W Zakopanem zawrzało po telewizyjnej wypowiedzi prezesa Związku Podhalan Macieja Motora-Greloka. Tutejsi działacze związku krytykują prezesa Zarządu Głównego Związku Podhalan za wypowiedź udzieloną Kronice Krakowskiej na temat Goralenvolku i za "dokopywanie" zakopiańczykom.
Jak informuje "Tygodnik Podhalański, prezes Motor-Grelok powiedział w telewizji, że "przypisywanie nam epizodu Goralenvolku jest niesłuszne. Sami zresztą ten problem rozwiązaliśmy, bo Konfederacja Tatrzańska po to powstała, aby zmazać hańbę wybryków zakopiańskich górali zrzeszonych w Goralenvolk".
Ta wypowiedź dotknęła i oburzyła zakopiańczyków. - Pan prezes powinien się trochę douczyć, poczytać podręczniki historii, wiedziałby wtedy, że więcej ludzi należało do Goralenvolku np. w Szczawnicy niż w Zakopanem - mówi oburzony Jan Karpiel Bułecka, znany zakopiański architekt i regionalista. - Nie jestem zakopanocentrykiem, ale myślę, że takie dokopywanie zakopiańczykom wynika z zazdrości i kompleksów.
- Jestem zażenowany wypowiedzią prezesa - podkreśla Andrzej Gąsienica-Makowski, starosta tatrzański, były prezes Zarządu Głównego Związku Podhalan. - Powinien być prezesem wszystkich górali w Związku Podhalan, a nie tylko tych, którzy na niego głosowali - dodaje.
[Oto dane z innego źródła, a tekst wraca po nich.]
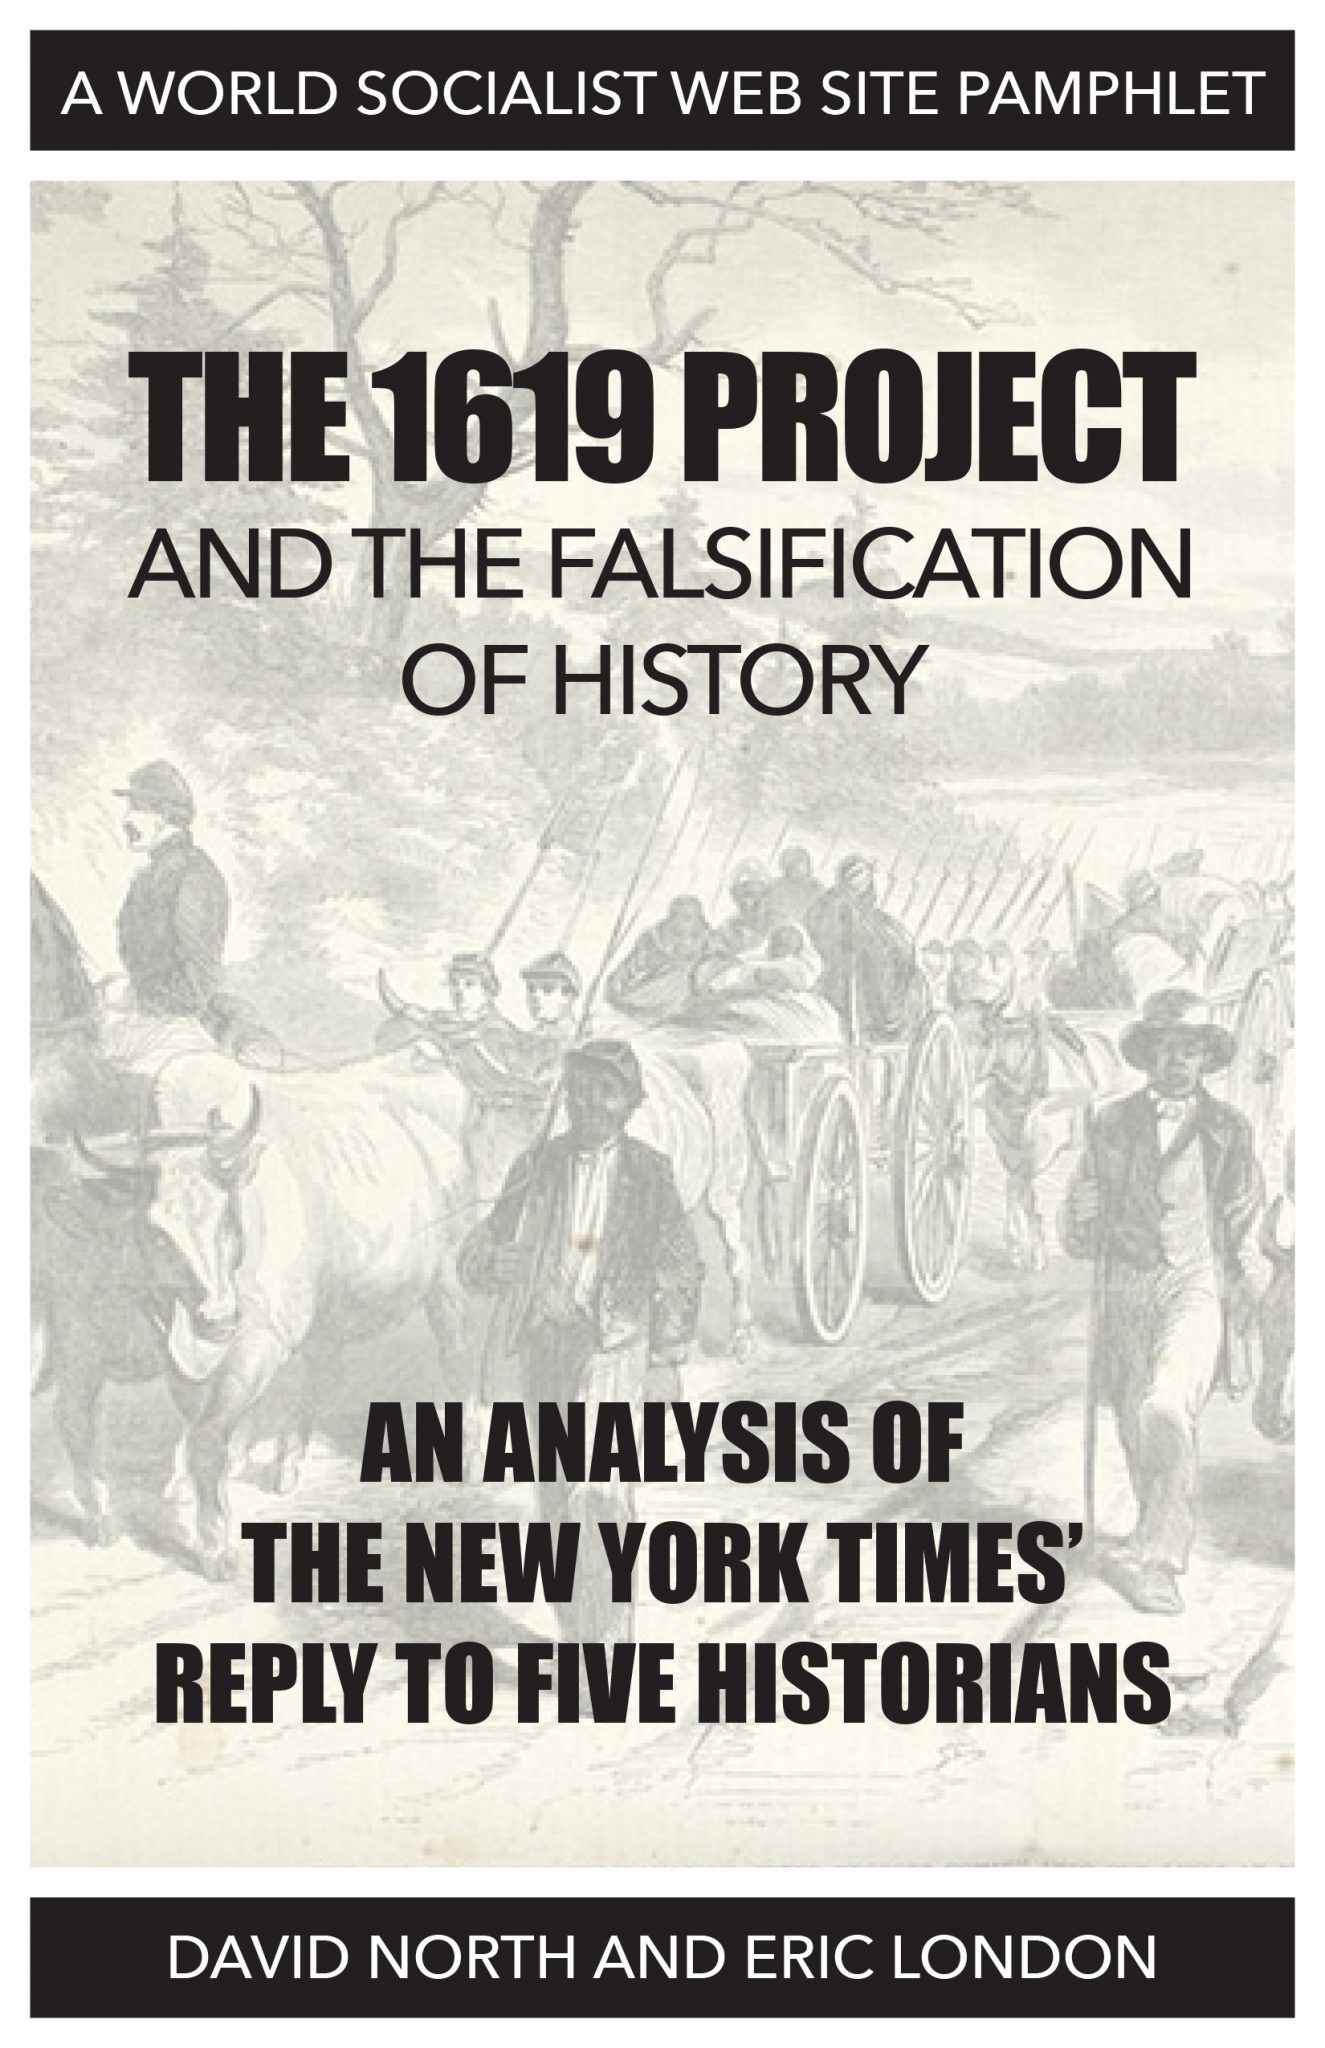 the 1619 project about

Gąsienica-Makowski nawiązuje tu do ostatnich wyborów prezesa Związku Podhalan, w których zakopiańczycy poparli kontrkandydata Motora-Greloka - profesora Stanisława Hodorowicza.
- Śleboda mojego ducha nie pozwala mi milczeć, kiedy kolega prezes Maciej Motor-Grelok prawie każdą swoją medialną wypowiedzią ośmiesza Związek Podhalan, ale też dlatego, że jątrzy, obraża i poniża dokonania wielu zacnych działaczy i twórców kultury Skalnego Podhala, a szczególnie z Zakopanego - powiedział Jan Gąsienica-Walczak, były prezes zakopiańskiego oddziału i członek Prezydium ZP.